Идти по бездорожью нелегко, особенно калеке. Он добрался до границ Сорнской трясины. Ага, вижу, как мрачно вы качаете головами. И вы правы, добрые люди, вы правы! Всем известно, что эти края Высшего Холлака принадлежат Древним, и те, у кого под толстым черепом есть хоть малость ума, туда не заходят.

Но Калеб увидел, что не первым пришел в те земли. Он набрел на пастухов, гнавших на продажу дикий скот (скотина в холмах одичала за время войны). Что-то напугало животных, и стадо разбежалось.
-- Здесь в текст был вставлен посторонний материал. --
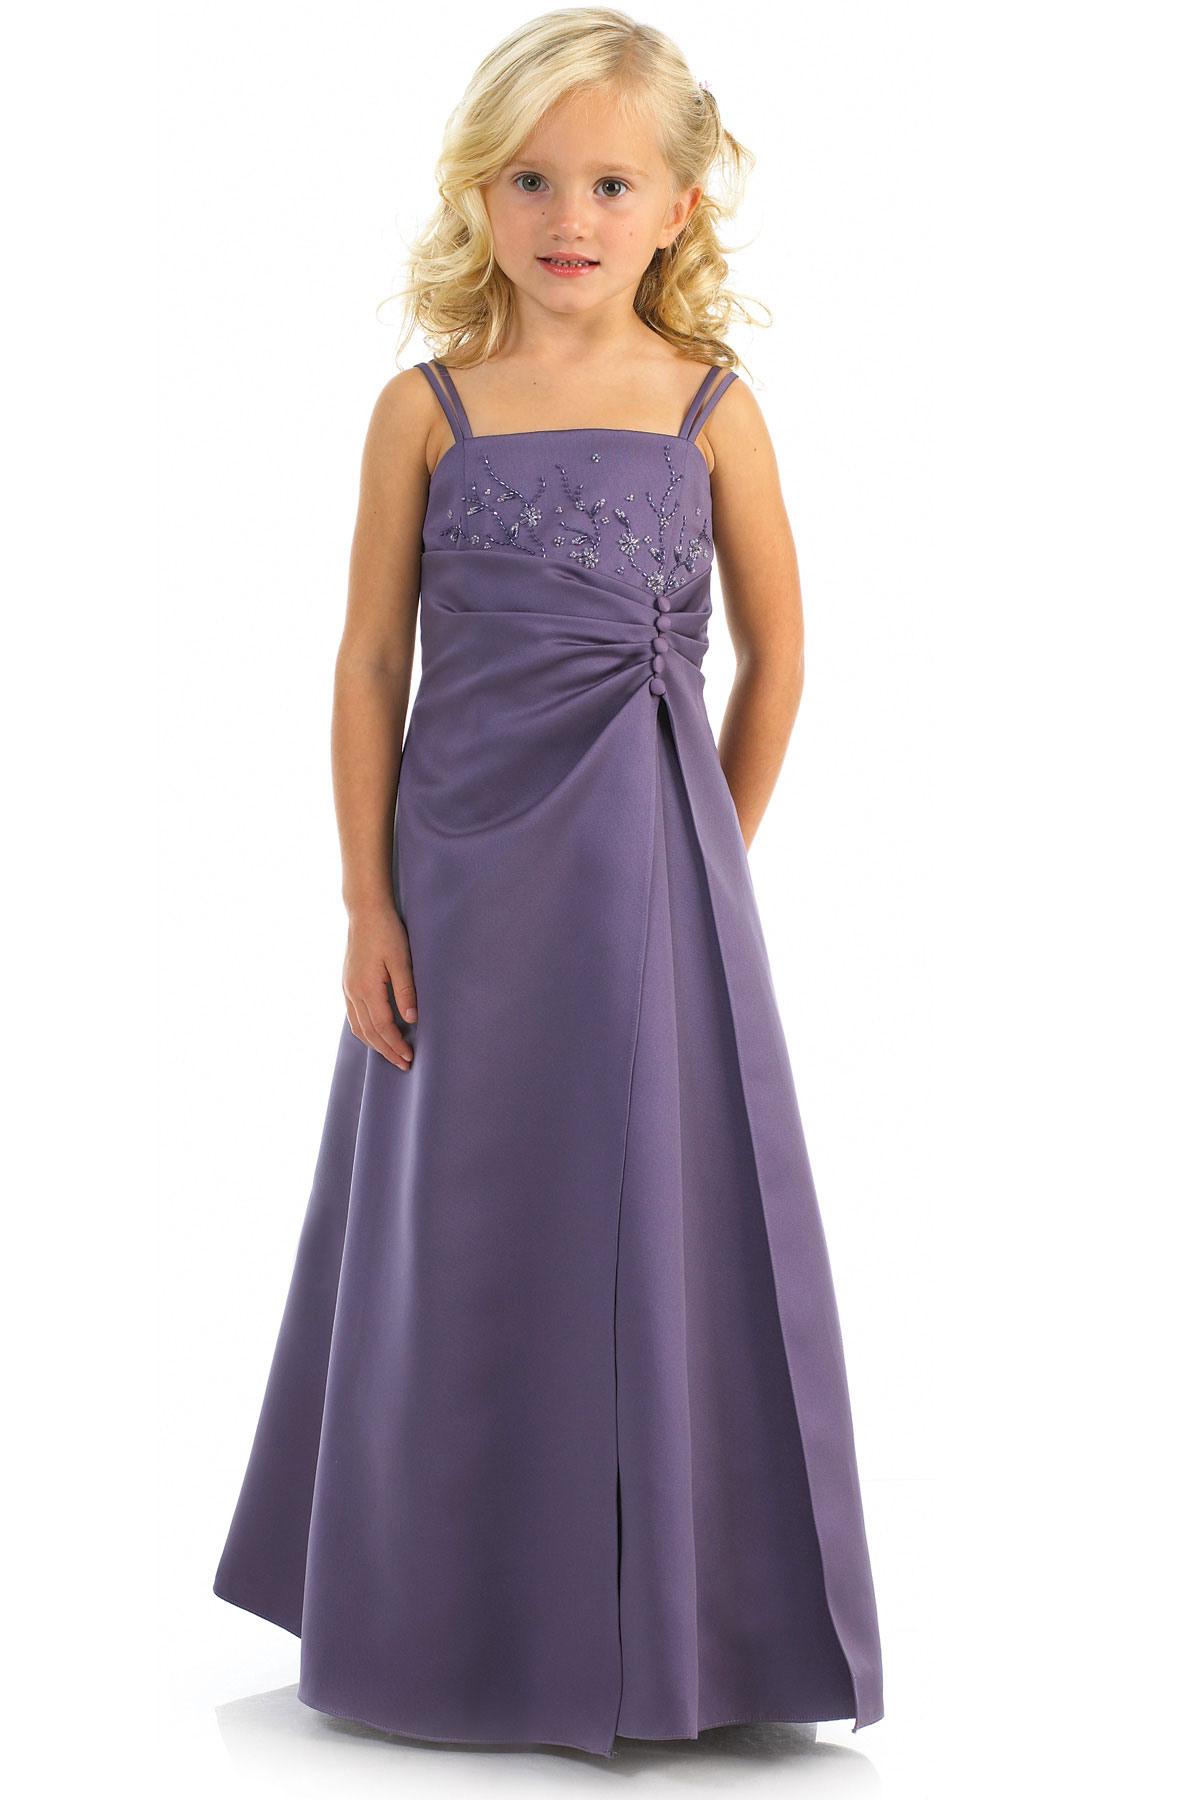 Jr Bridesmaid Dresses  High Fashion Update

Пастухи, перепугавшись, что их труды пропадут даром, решились сунуться в болото по следам своей скотины.

Но вместо скотины они нашли кое-что другое. Нет, я не стану описывать то, что они вспугнули из логова. Все вы знаете, что в местах вроде той трясины не счесть тайн. Говорят, что обличьем оно напоминало женщину, и одно это разожгло похоть в мужчинах, которым давно не доводилось никому задирать юбки. Они приперли то создание к стене и вздумали позабавиться.

Калеб ушел из Клавенпорта не безоружным. Несмотря на увечье, он ловко обращался с арбалетом. Вот и теперь он доказал свое мастерство. Два выстрела – и те пастухи взвыли по-звериному – да и были они, если судить по их делам, хуже зверей, те ведь не так обращаются со своими самками.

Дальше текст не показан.